引っ越した家は、隣にも同じ形の家があり4世帯が入居していました。

家の正面側は、幹線道路が走っていて商店などもありましたが、家の裏は田んぼと畑が広がっていました。

畑の中に納屋があり、その向こうに小川、その側に1件農家がありましたが、あとは山まで家はありません。

ボクは主に「家の裏」で遊ぶことになります。

隣の3世帯のうち2世帯に年の近い子が住んでいました。

2軒隣に住む小学4年生が最年長で、近所の子供たちのリーダーでもありました。

また、大家さんの甥にボクと同学年の男の子がいて、この4人で遊ぶことが多かったです。


そんなある日のこと。

「子犬がいるから見に行こう」という話をリーダーが言いだしました。

裏の納屋に野良犬が住みつき、子犬を生んだらしいのです。

さっそく4人組は、納屋に侵入しました。

納屋にはワラが積まれていました。

トラクターなどの農機具が置かれ、その奥の真っ暗な所から子犬の声が聞こえました。

近寄ると、親犬がボク達を威嚇しました。

噛みつかれては困るので、ボク達は遠くから見守りましたが、真っ暗で子犬は見えません。

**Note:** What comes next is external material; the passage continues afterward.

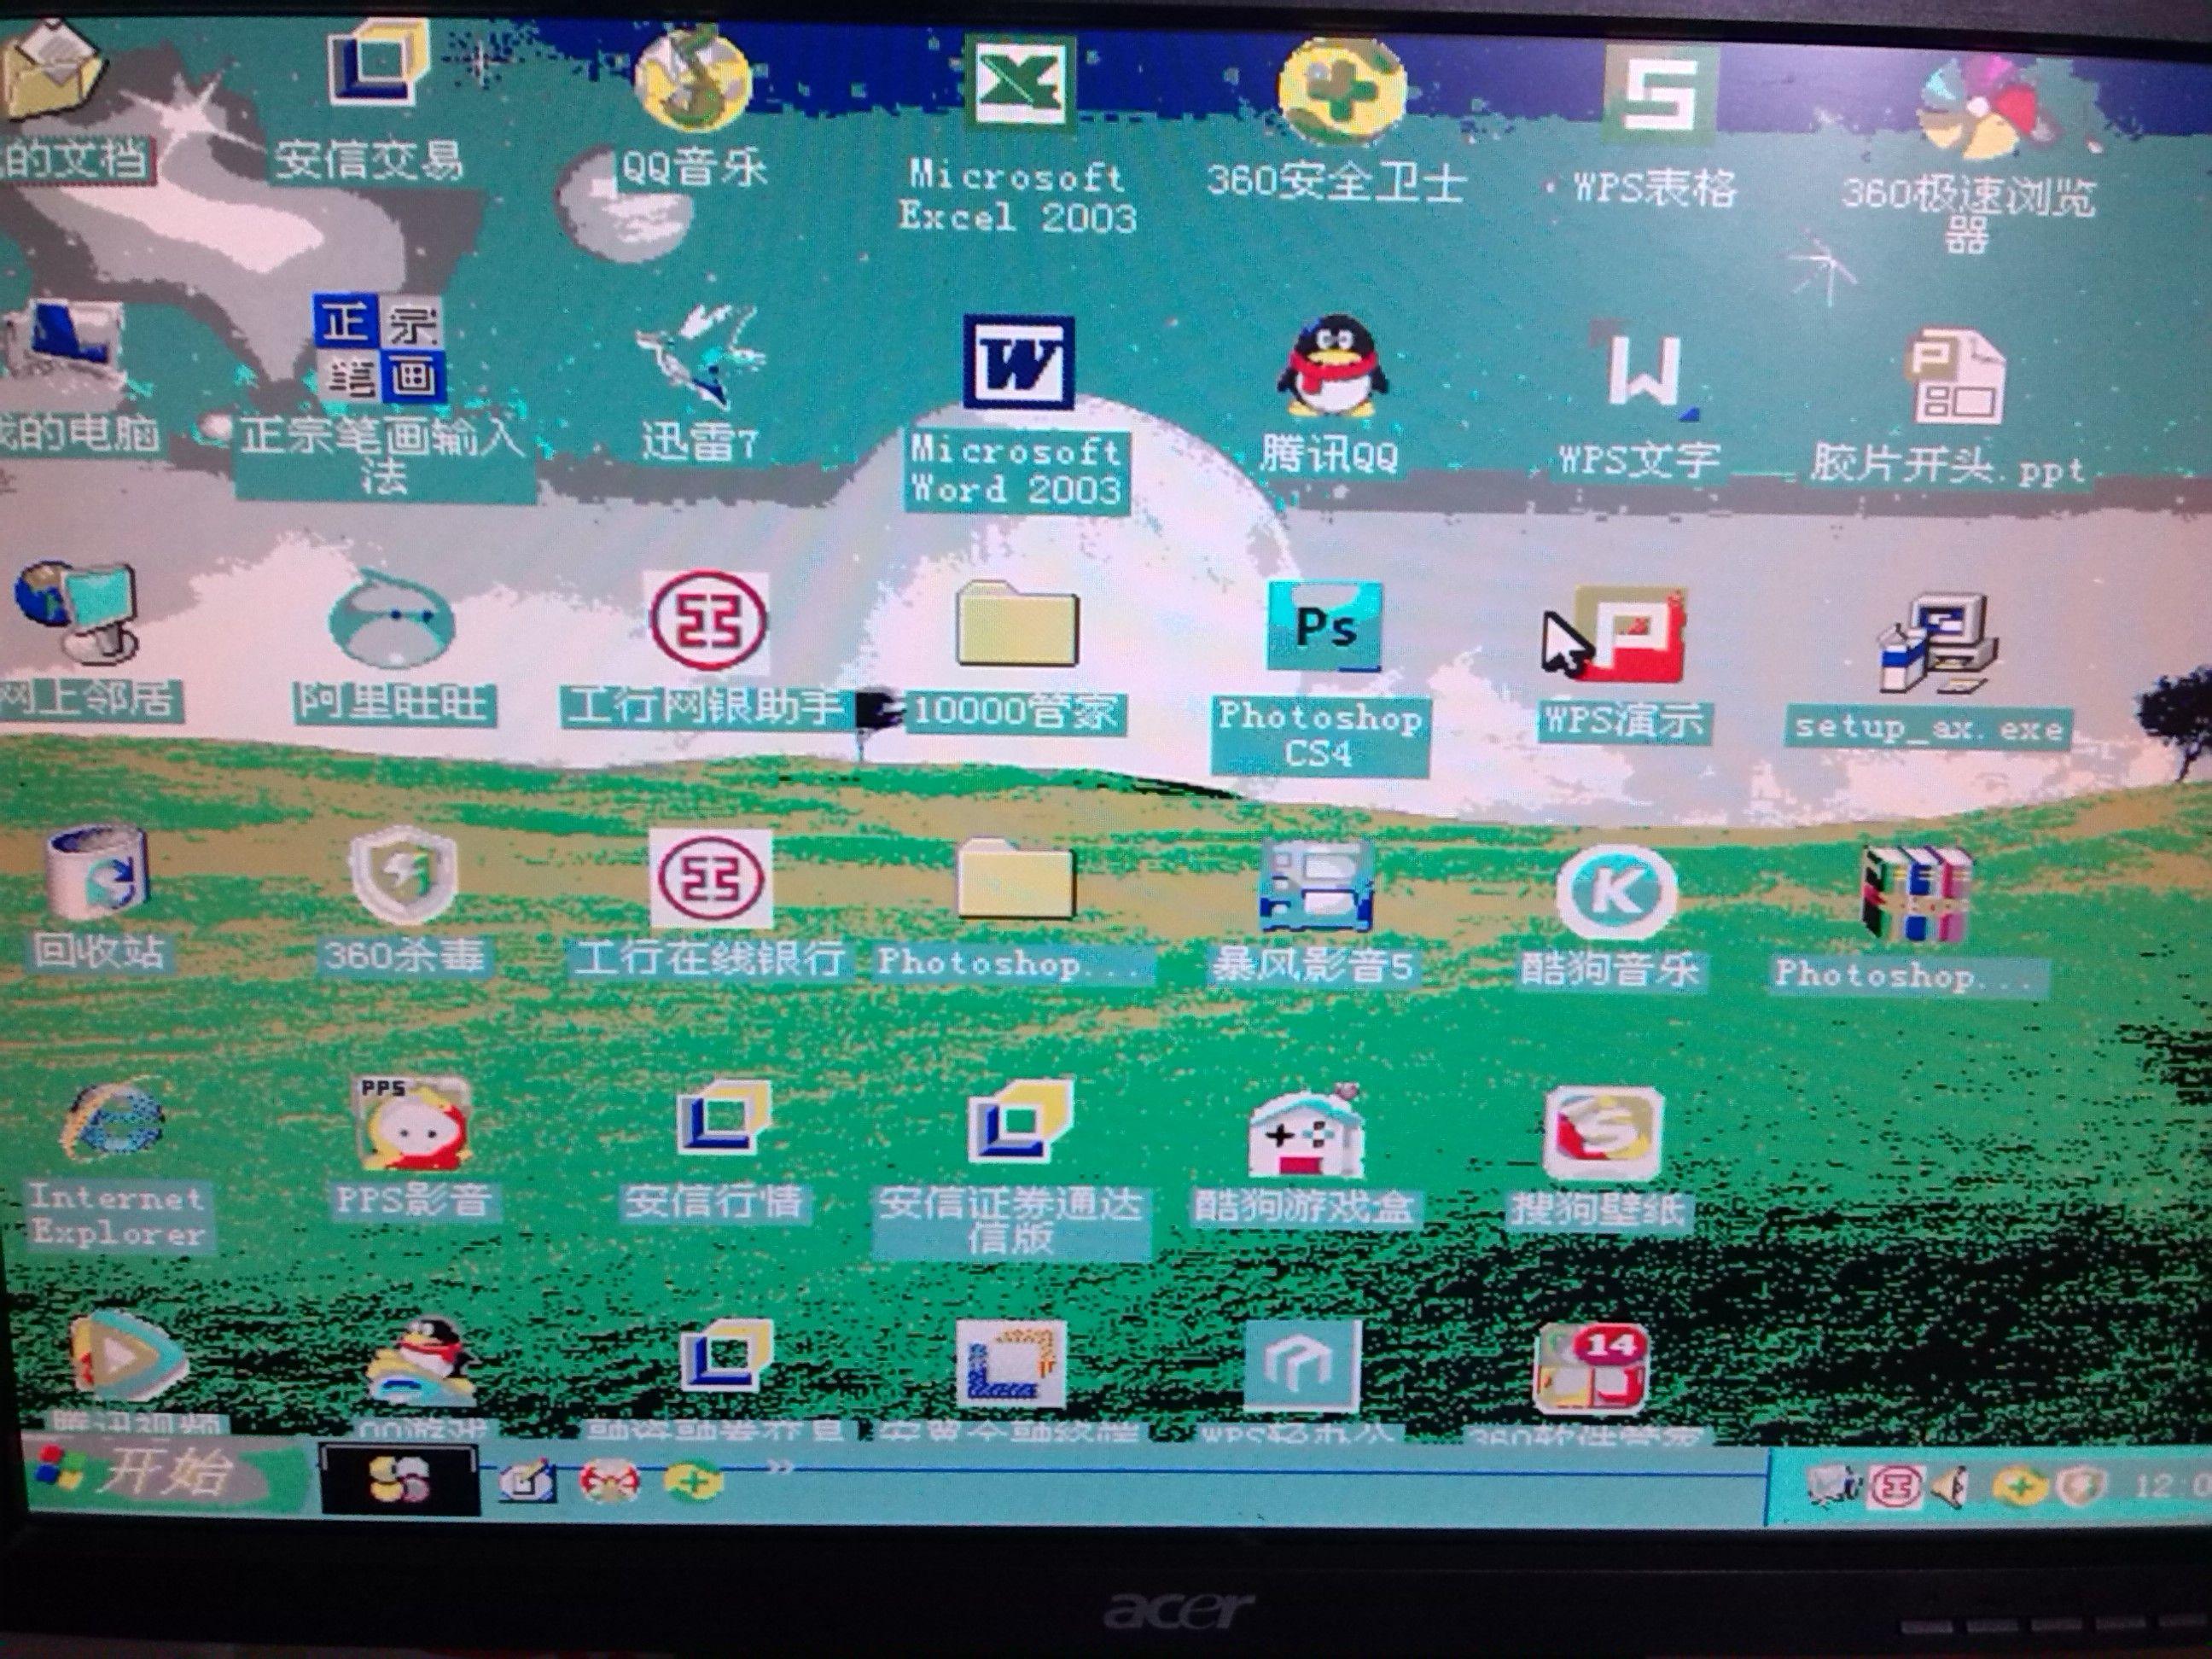 QKA棋牌下载 QKA棋牌 安卓版v94.1.20180 - PC6手游网 《FIFA足球世界杯2010》与《Fqka棋牌游戏官方下载IFA足球世界杯2006》一样,是EA公司针对4年一度的世界杯大赛而专门制作的FIFA特别游戏。这次游戏的背景将会转向南非,199支参赛球队..FIFA世界足球2010中文版下载汉化硬盘版_fifa2010世界杯pc IT猫扑网

「あっ、いいことを思いついた! ちょっと待ってて!」

リーダーが言いました。

しばらくすると、リーダーは家からロウソクとマッチを持ってきました。

ロウソクに火をつけ奥を灯すと、子犬の姿が見えました。


「オレも見たい!」

大家さんの甥っ子が、ロウソクを取り上げました。

「アチッ!」

と声が聞こえました。

ロウソクが垂れ、甥っ子の手に触れたみたいです。

問題は、その後でした。

手に持ったロウソクを落としてしまい、ワラに火がつきました。

メラメラと火が大きくなっていきました。

火は大きな炎となていきます。

ボクたちはその炎の真ん中に立ちすくむだけでした・・・。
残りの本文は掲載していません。